SOURCE DATA:
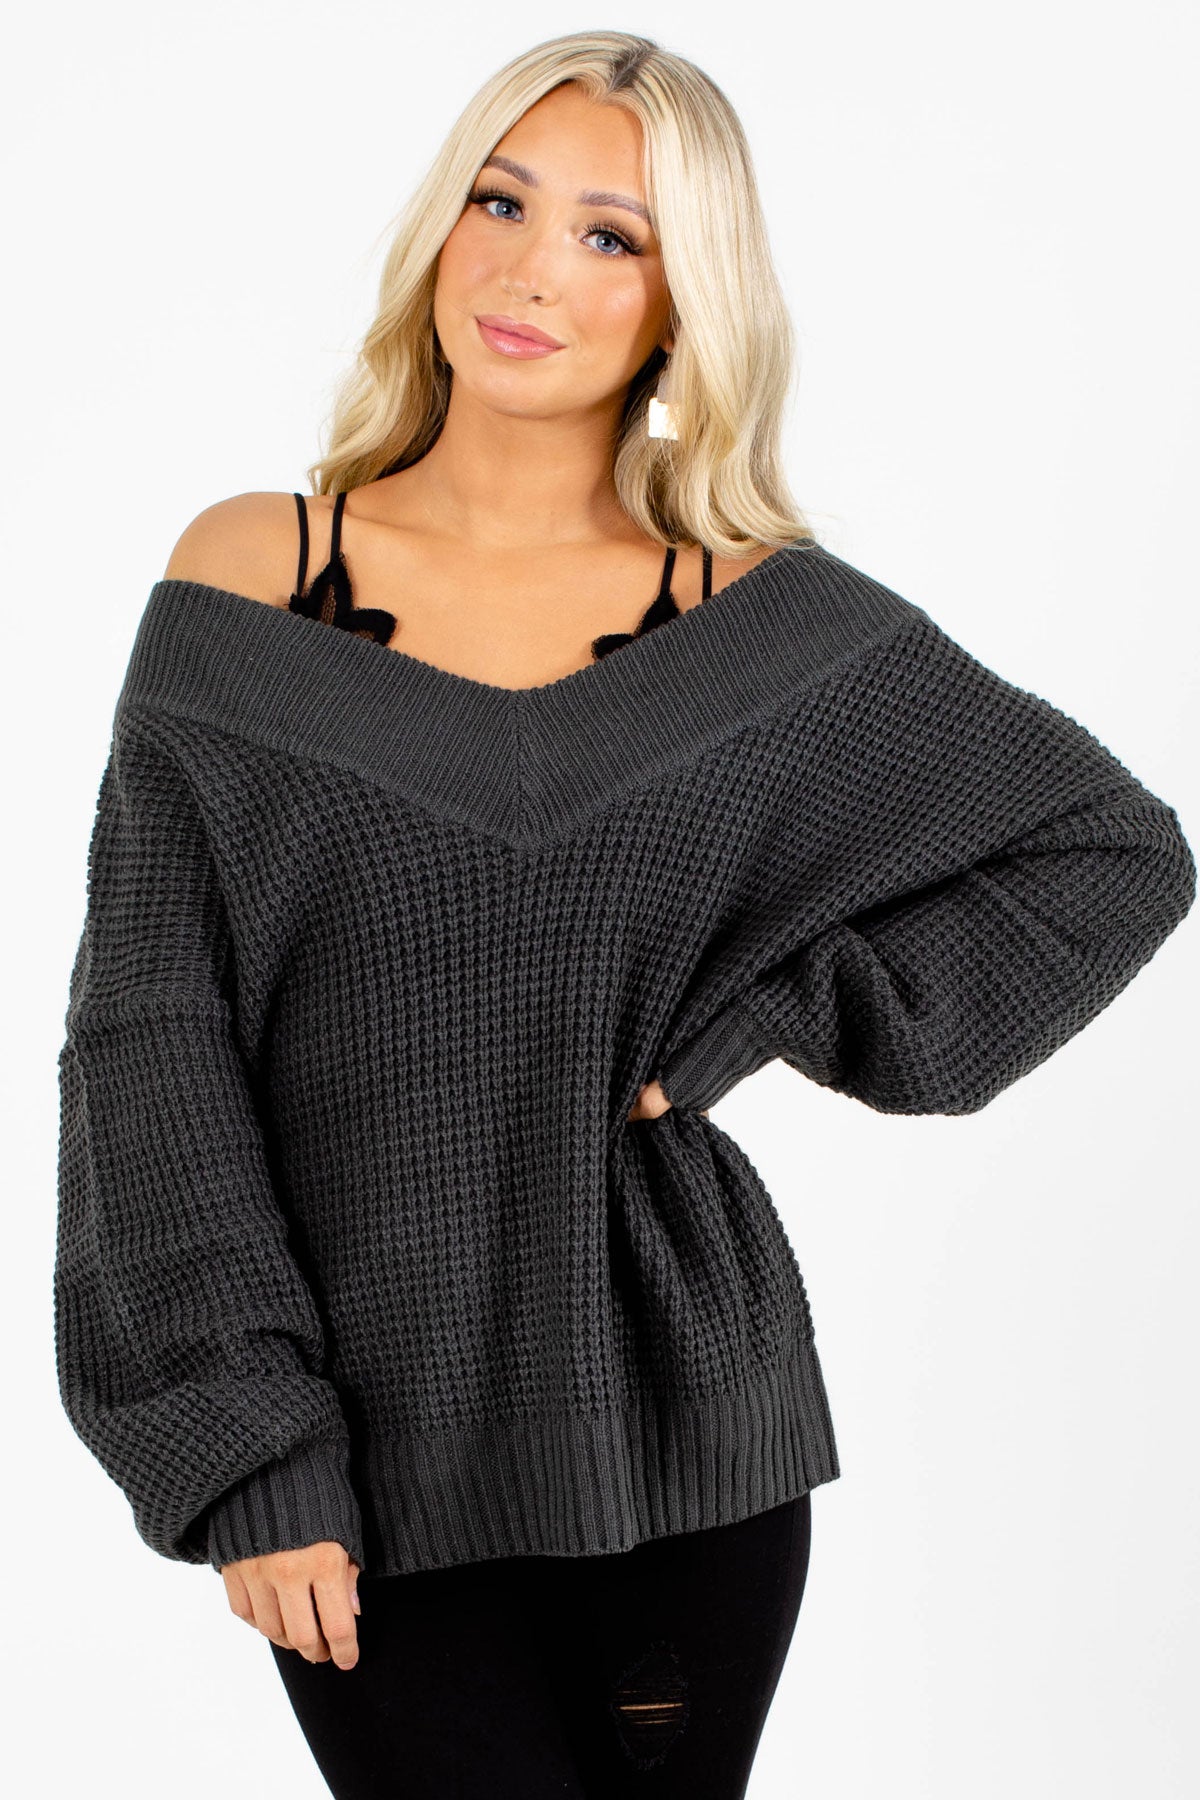 Gray Long Sleeve Boutique Sweaters for Women
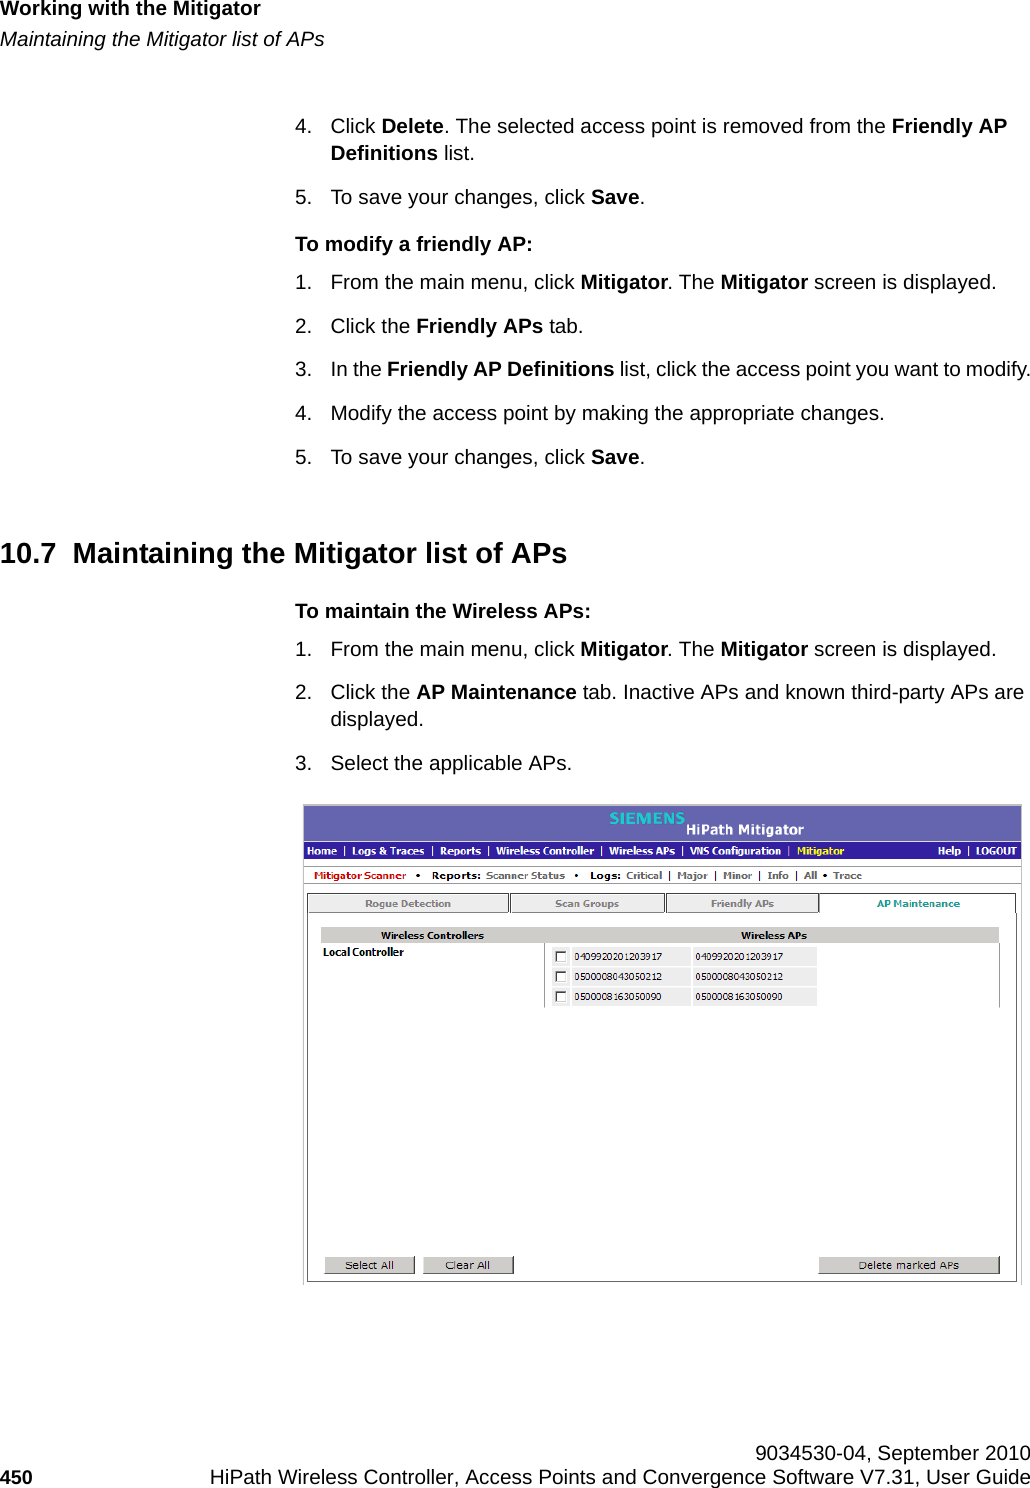 Working with the Mitigatorhwc_mitigator.fmMaintaining the Mitigator list of APs 9034530-04, September 2010450 HiPath Wireless Controller, Access Points and Convergence Software V7.31, User Guide        4. Click Delete. The selected access point is removed from the Friendly AP Definitions list.5. To save your changes, click Save.To modify a friendly AP:1. From the main menu, click Mitigator. The Mitigator screen is displayed.2. Click the Friendly APs tab. 3. In the Friendly AP Definitions list, click the access point you want to modify.4. Modify the access point by making the appropriate changes.5. To save your changes, click Save.10.7  Maintaining the Mitigator list of APsTo maintain the Wireless APs:1. From the main menu, click Mitigator. The Mitigator screen is displayed.2. Click the AP Maintenance tab. Inactive APs and known third-party APs are displayed.3. Select the applicable APs. 
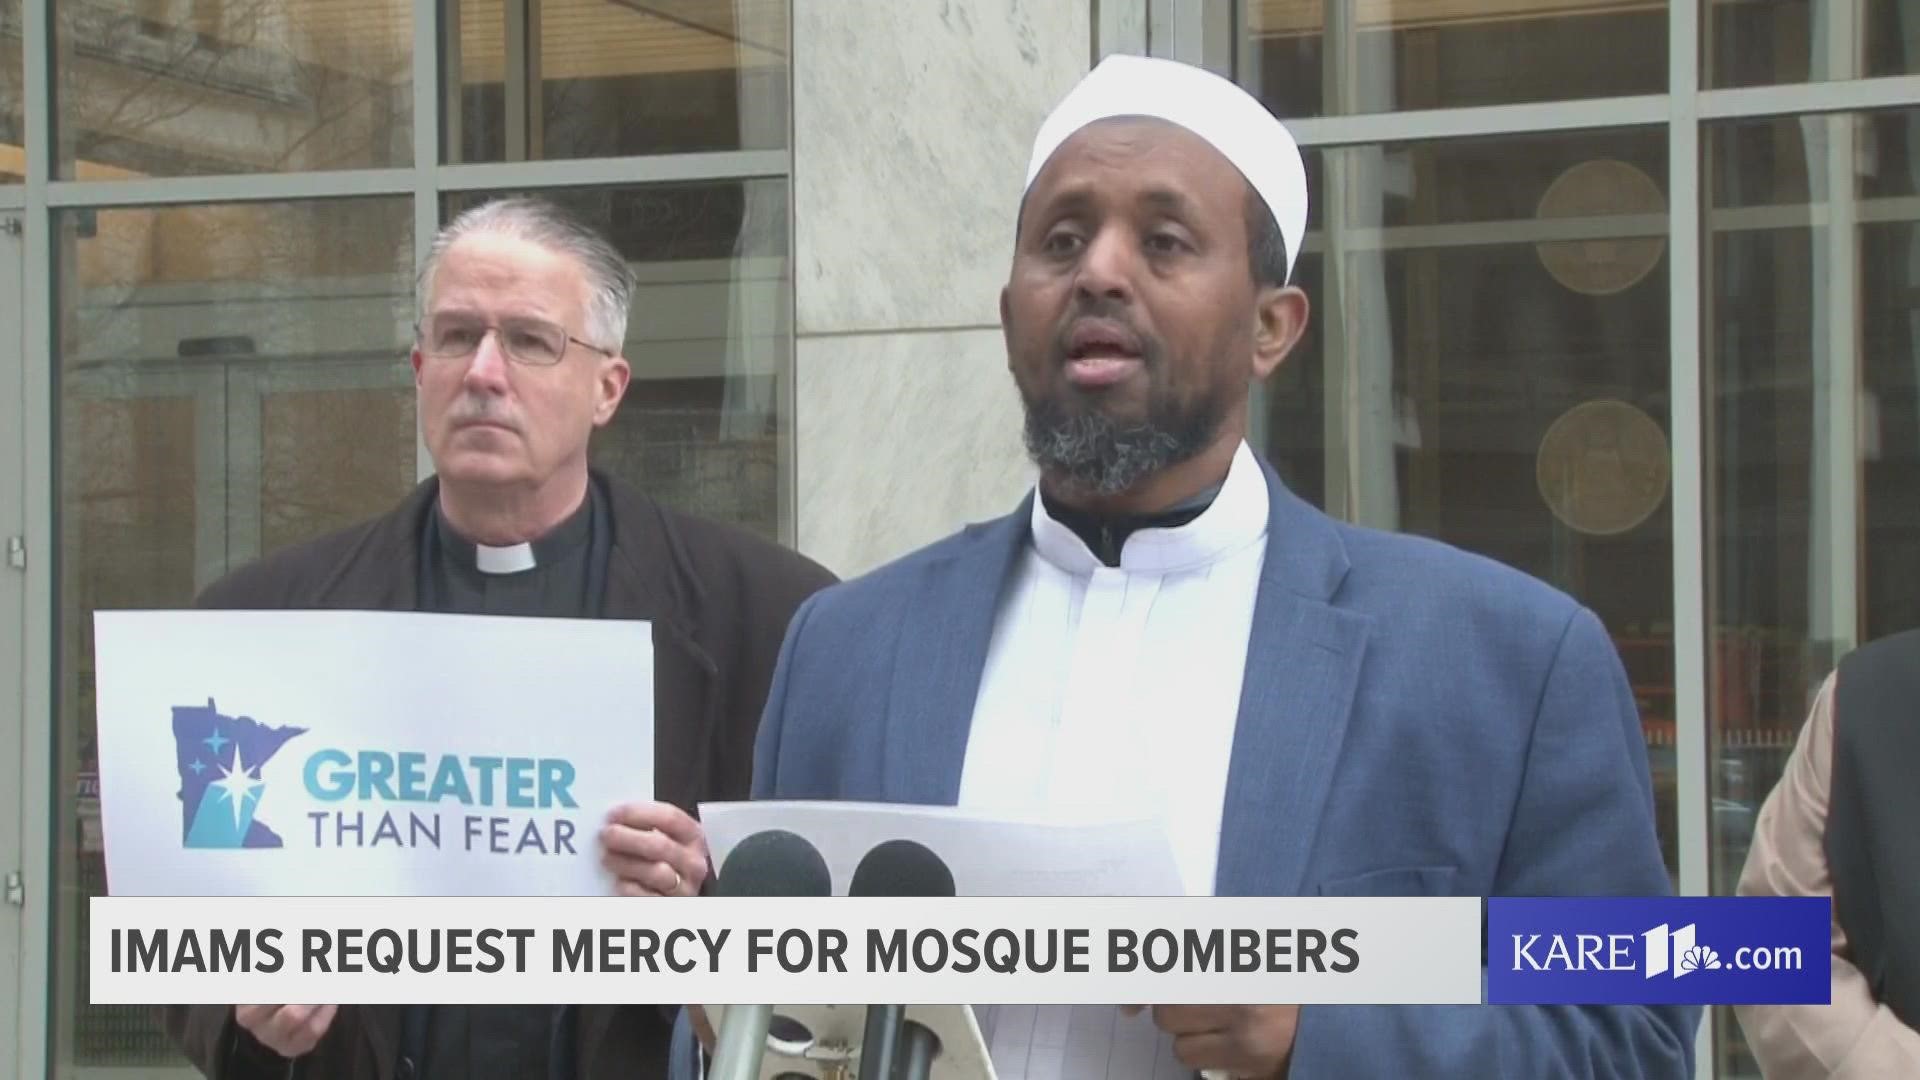 A coalition of faith leaders, including Imams from the Dar al-Farooq Islamic Center, are asking for leniency when two men are sentenced in the 2017 mosque bombing.
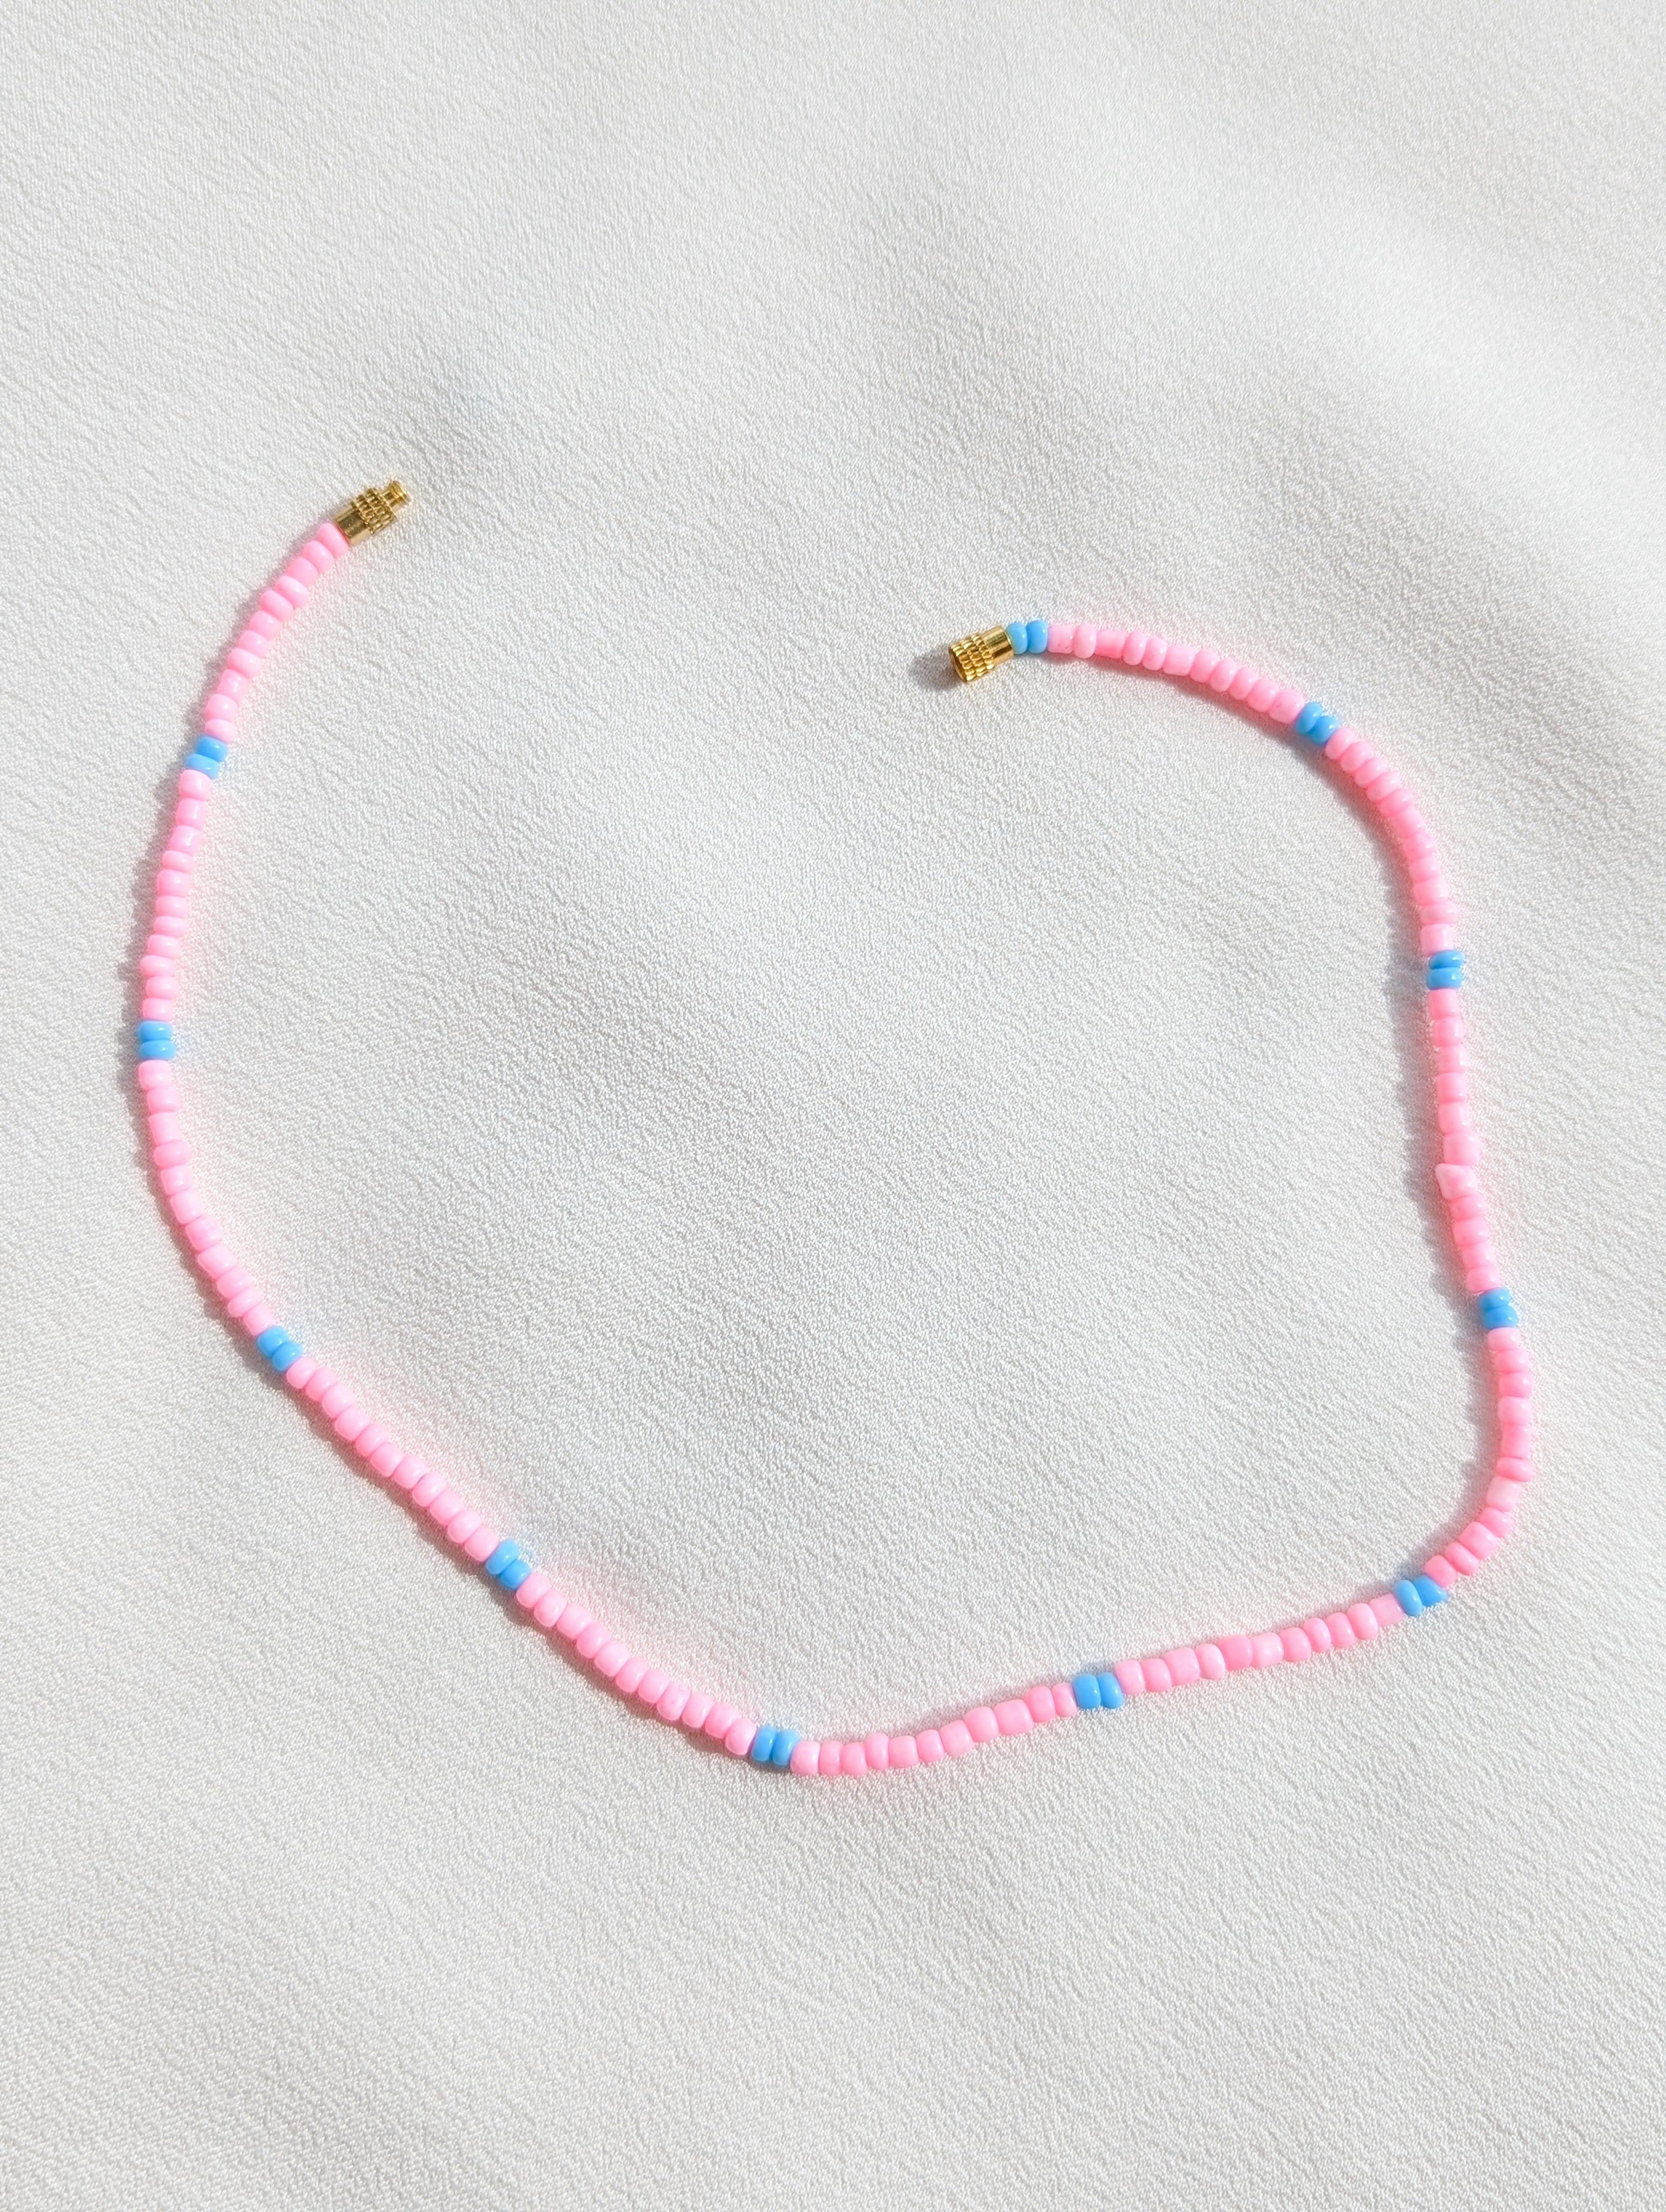 [THE ELEVEN] Necklace: Pink/Blue [Small Beads]

WORK INSTRUCTIONS:
Only one thing is required here: an exact copy of the lines from the one bearing "A coalition of" through the final line above, both included, with pictures left out.

RESULT OF THIS EXERCISE:
 A coalition of faith leaders, including Imams from the Dar al-Farooq Islamic Center, are asking for leniency when two men are sentenced in the 2017 mosque bombing.
 [THE ELEVEN] Necklace: Pink/Blue [Small Beads]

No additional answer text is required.